Il 19 luglio una frana causa il crollo di molti edifici di un quartiere di Agrigento, costruito senza regole negli anni precedenti. Gli abitanti riescono
a mettersi in salvo, ma il panorama di rovine e la facile ricerca delle
cause spingono il governo di centro-sinistra presieduto da Aldo Moro ad
accelerare l’iter di approvazione di una legge urbanistica. Il tema aveva
provocato aspre battaglie all’interno della stessa DC e la sconfessione
della proposta di legge di Fiorentino Sullo che proponeva l’esproprio di
una parte delle aree private a favore dei Comuni che poi avrebbero ceduto ai privati il diritto di superficie per le utilizzazioni previste dai piani
regolatori. Sullo viene emarginato dal partito e Moro cerca di prendere
tempo mentre nel frattempo la febbre edilizia non accenna a diminuire.
La frana di Agrigento mette ognuno davanti alle proprie responsabilità. Nel piovosissimo autunno di quell’anno, il 4 novembre 1966, straripa
l’Arno: Firenze è invasa da un fiume di fango e tutta la Toscana subisce
danni.

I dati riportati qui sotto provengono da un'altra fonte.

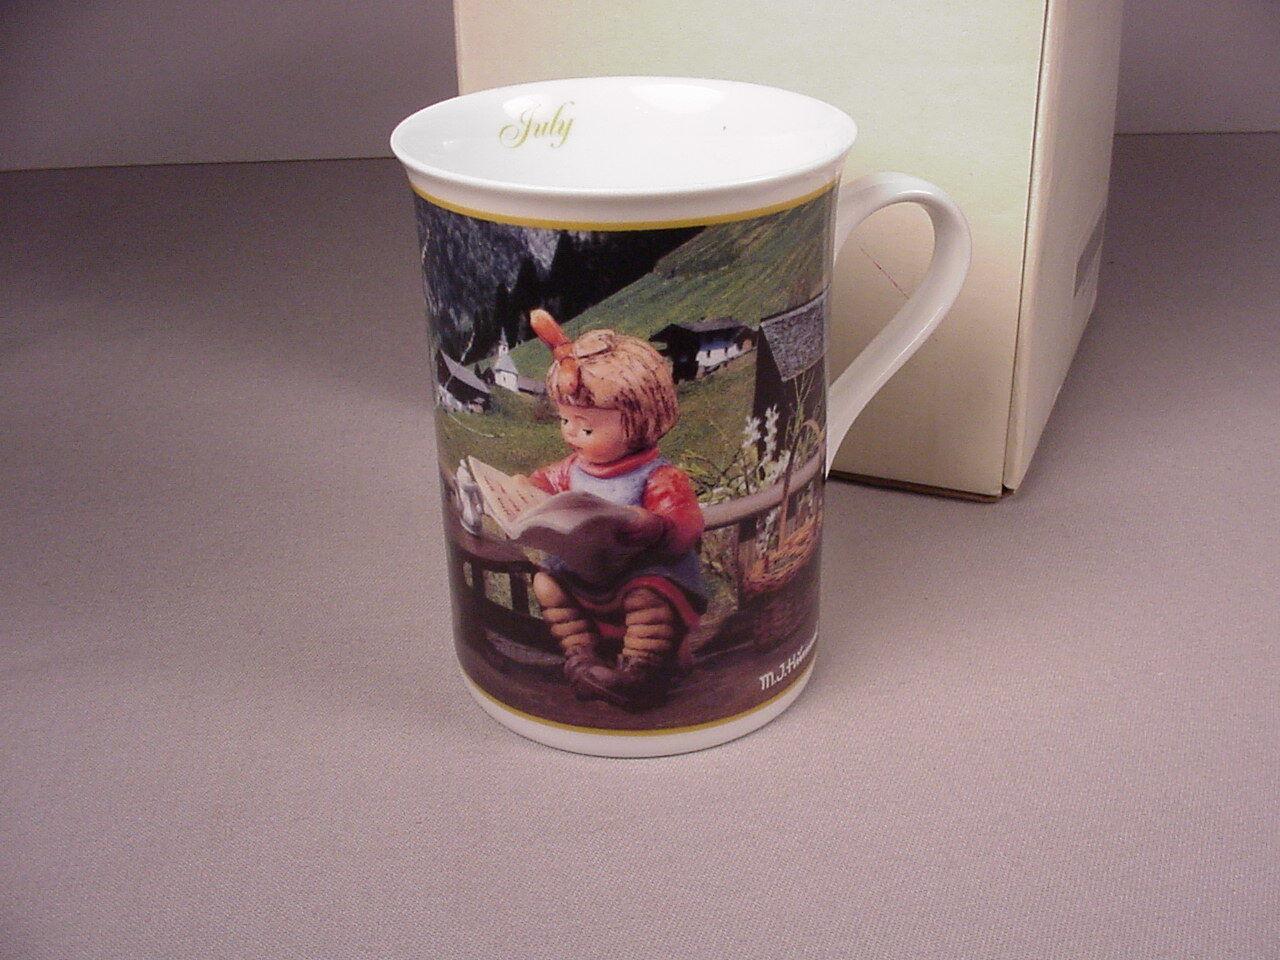 Decorative collectibles m i hummel fine porcelain mug july whats new mib danbury mint new in box reviewsmspy
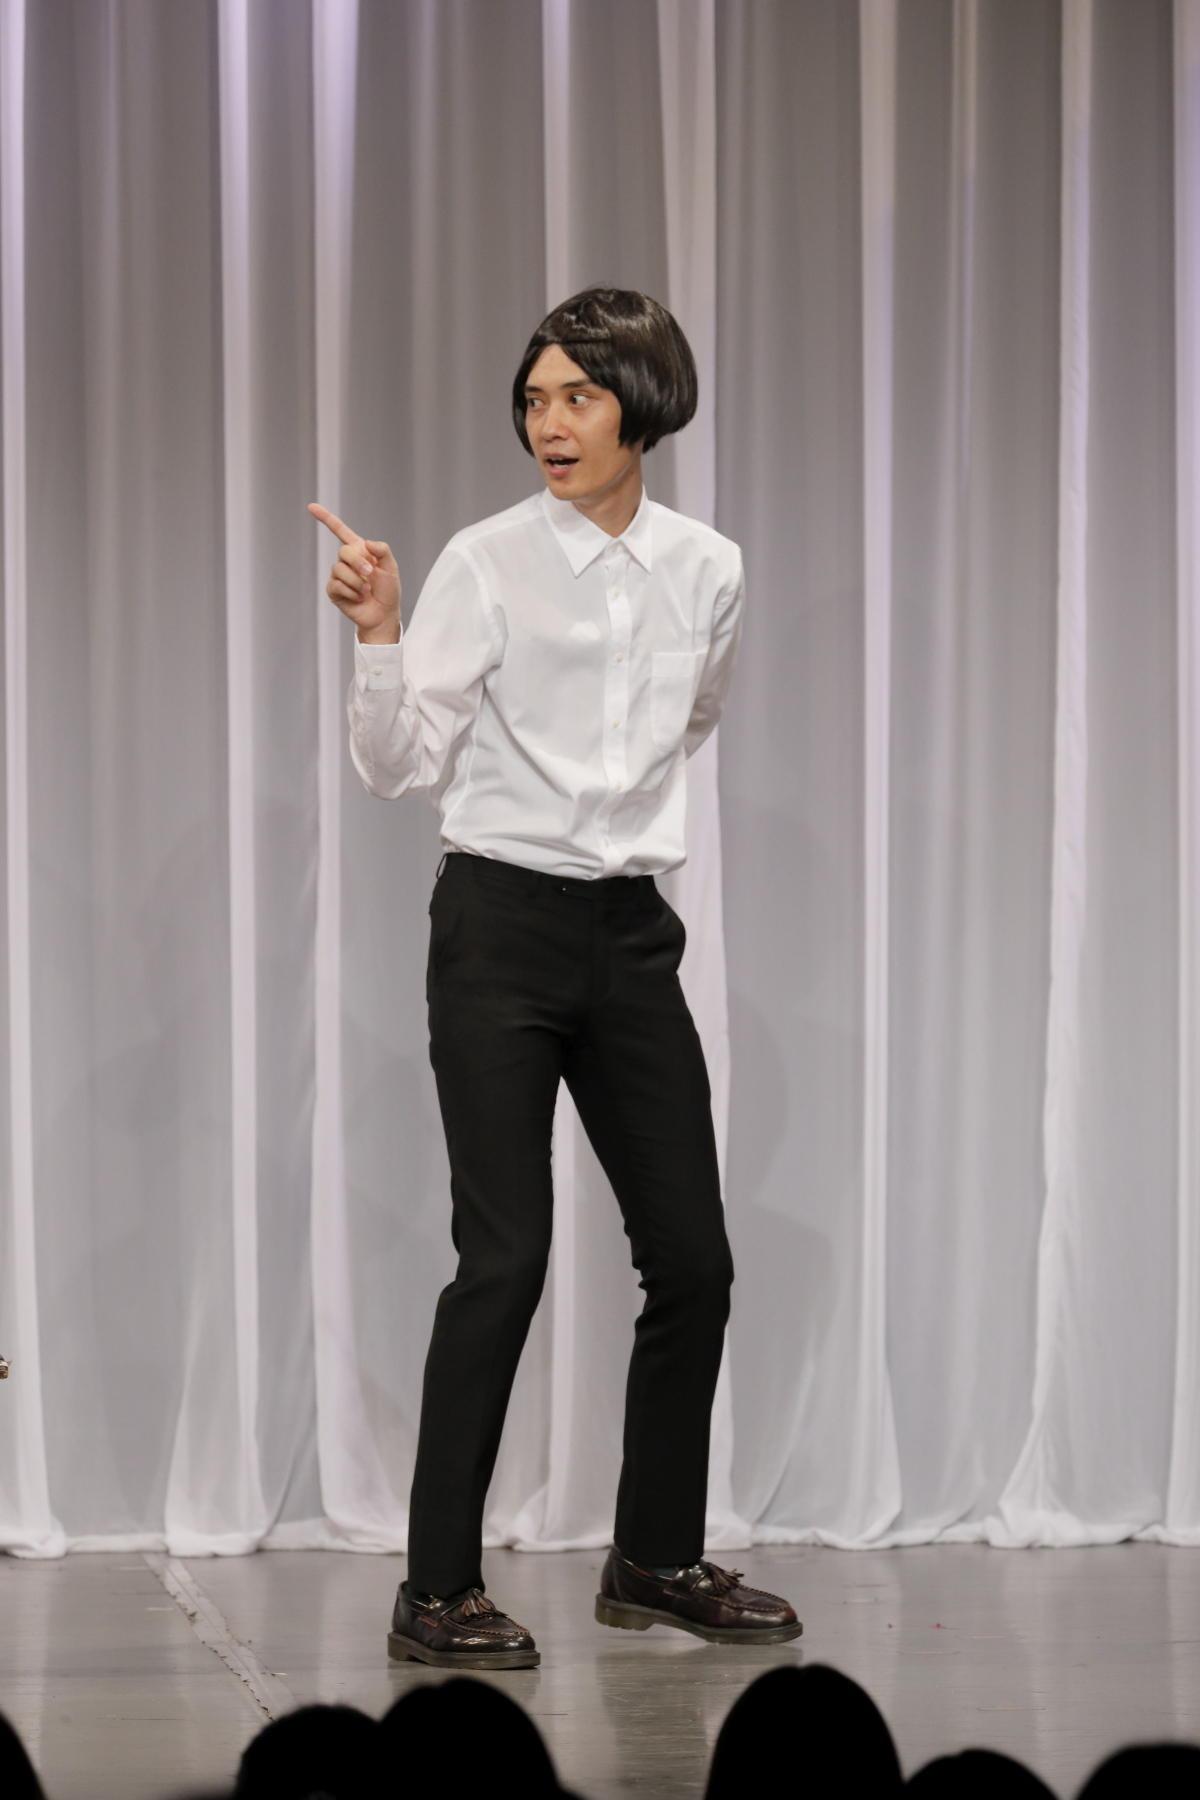 http://news.yoshimoto.co.jp/20181204222933-ddbbaa7cae582c22ea4fe07c72b809d3c16b39bd.jpg

Il numero delle vittime è fissato in 35; i danni al patrimonio artistico sono incalcolabili: si staccano le formelle del Ghiberti dal Battistero
del Duomo, i depositi degli Uffizi sono completamente alluvionati, così
come i magazzini della Biblioteca Nazionale Centrale (la più importante
d’Italia), il Crocifisso di Cimabue in Santa Croce è quasi irrimediabilmente perduto. Lo stesso 4 novembre, allora festa nazionale, l’acqua alta
invade Venezia raggiungendo quasi i due metri. Gli effetti interessano
almeno 20.000 persone. Sembra il colpo di grazia a una città già in via
di spopolamento. Le immagini di Firenze e Venezia fanno il giro del mondo. La solidarietà internazionale è fortissima: non è solo l’Italia a essere
colpita, ma il cuore della civiltà occidentale. L’impreparazione è però evidente: e ora che si fa?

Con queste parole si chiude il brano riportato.